*ACTIVITY:* In the copy of the lines below, leave out pictures and print everything else exactly.

*PROVIDED DATA:*
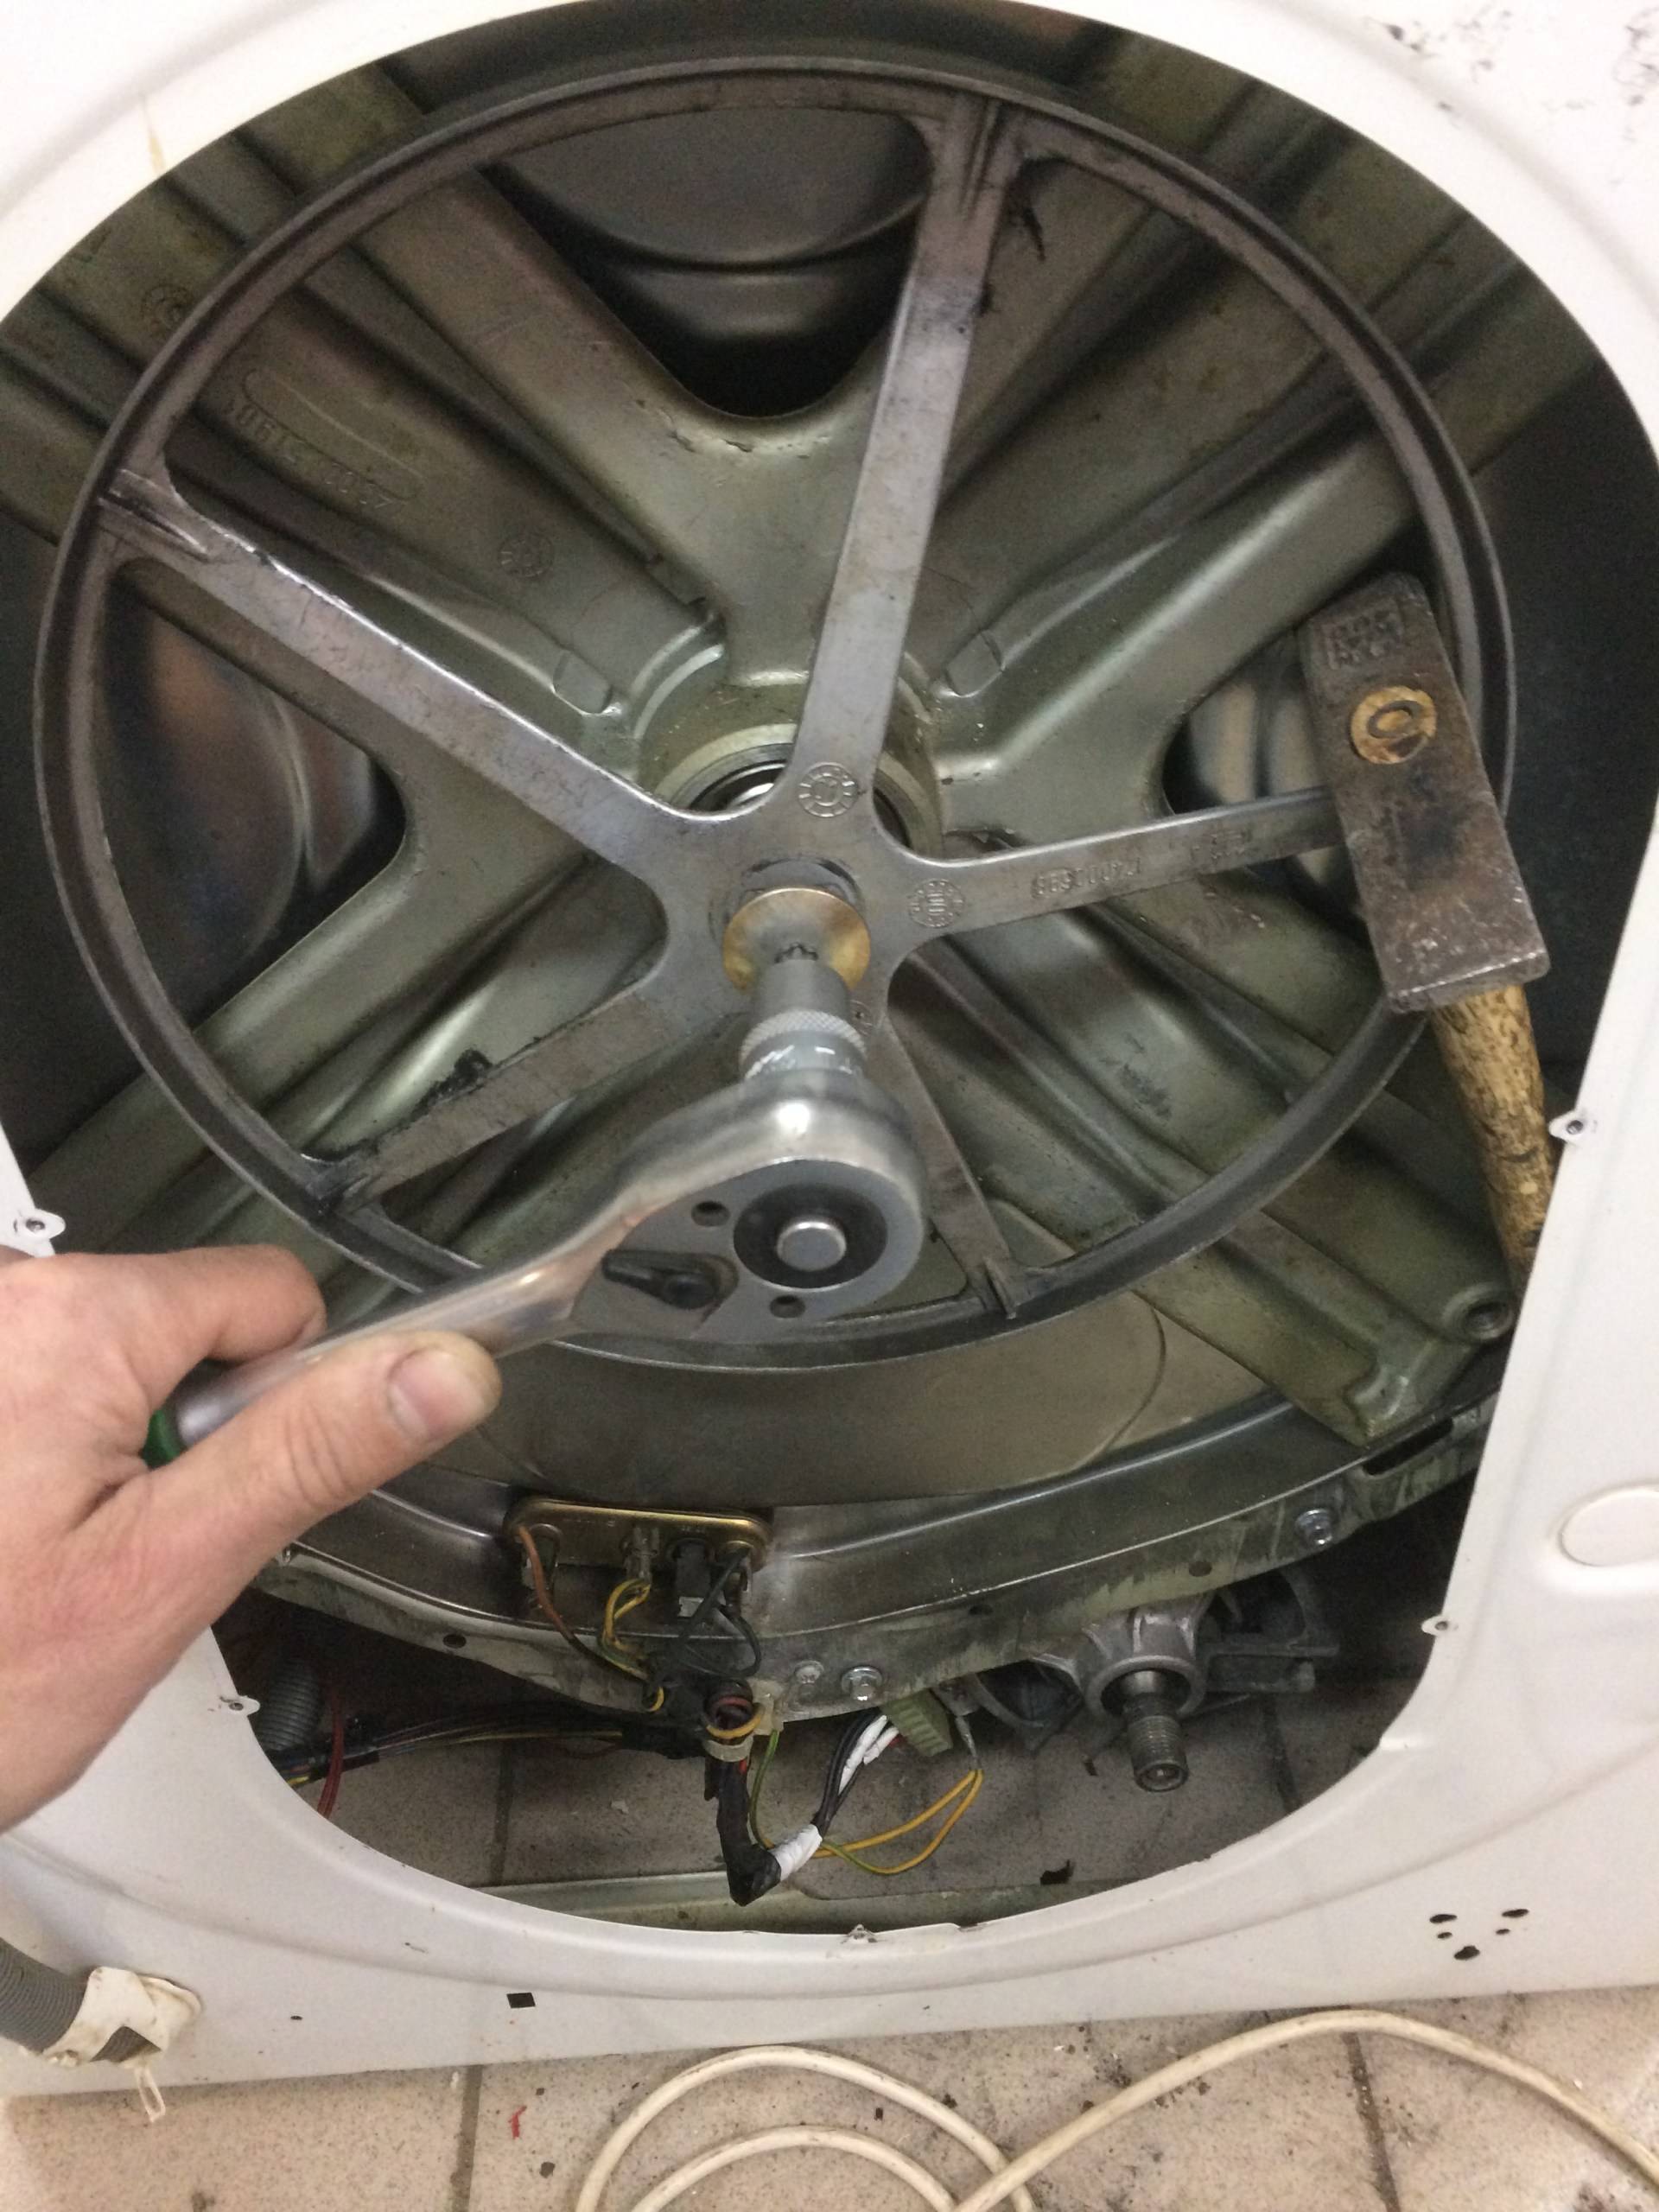 Замена подшипника в стиральной машине indesit: как снять и поменять подшипник барабана своими руками
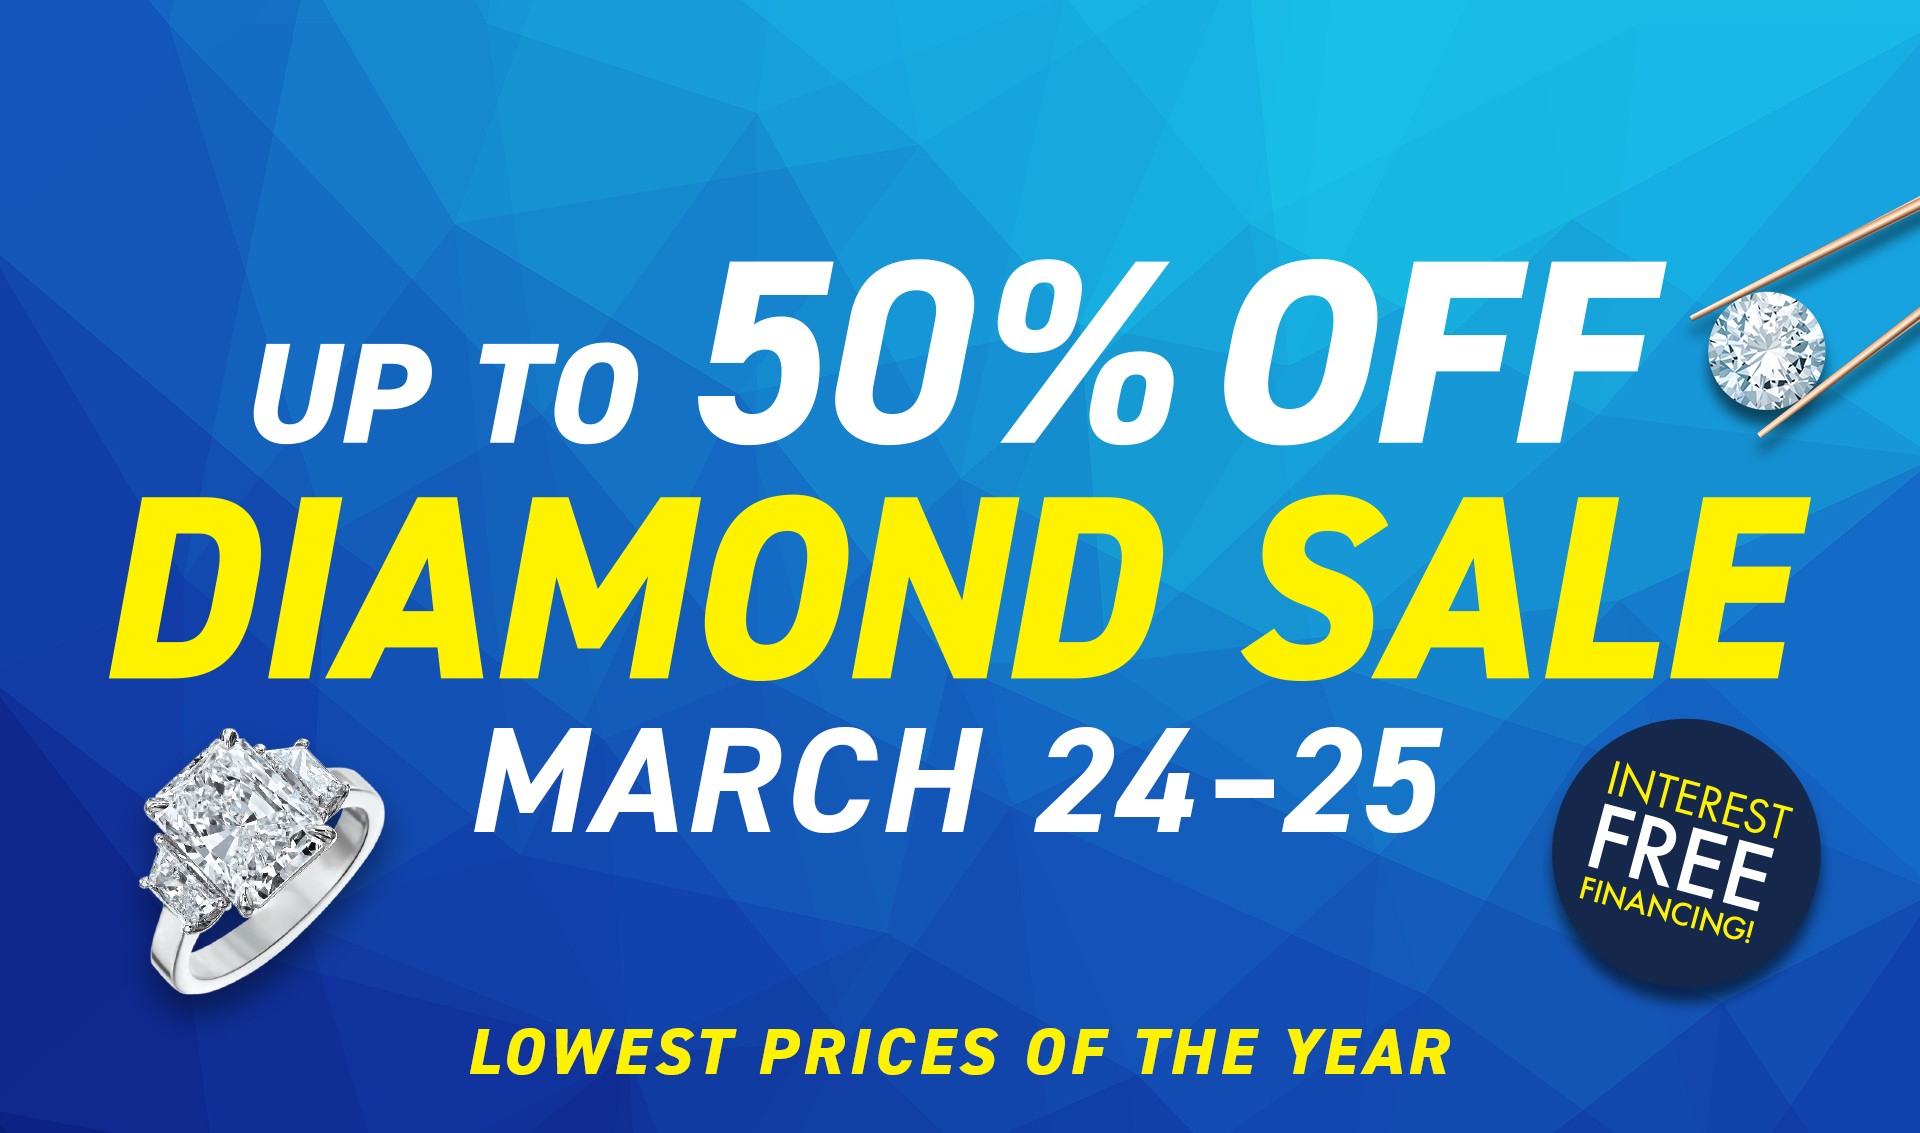 Diamond Sale March 24-25
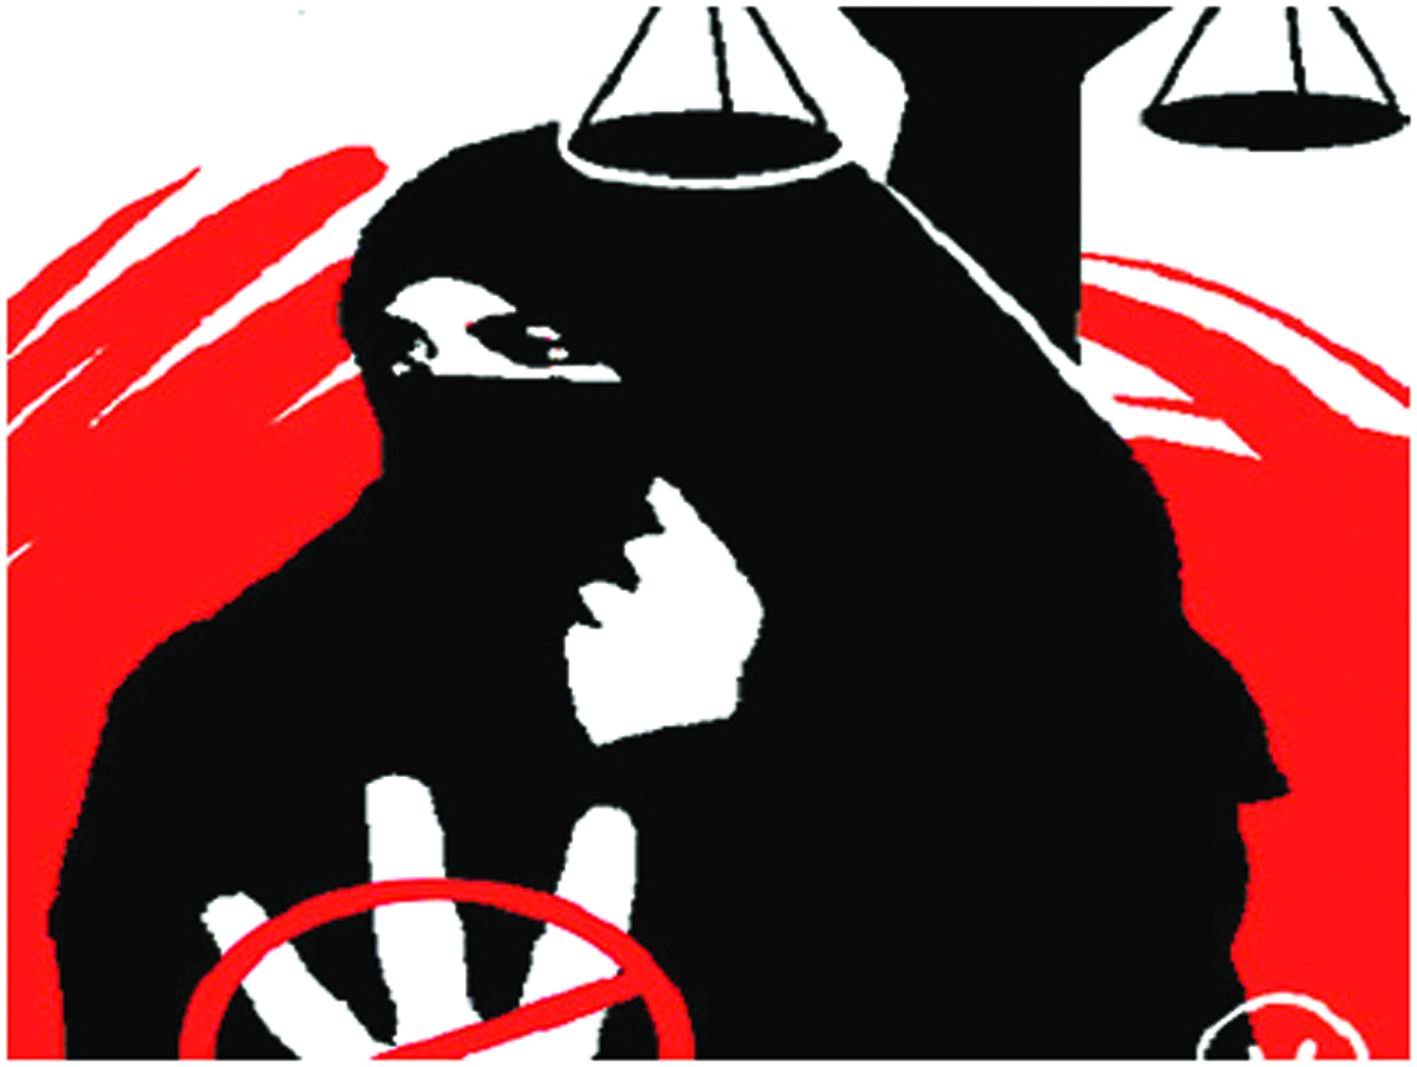 મુસ્લિમ મહિલાઓ શરિયતના કાયદાઓનું રક્ષણ કરશે

*RESPONSE TO THIS TASK:*
 Замена подшипника в стиральной машине indesit: как снять и поменять подшипник барабана своими руками
 Diamond Sale March 24-25
 મુસ્લિમ મહિલાઓ શરિયતના કાયદાઓનું રક્ષણ કરશે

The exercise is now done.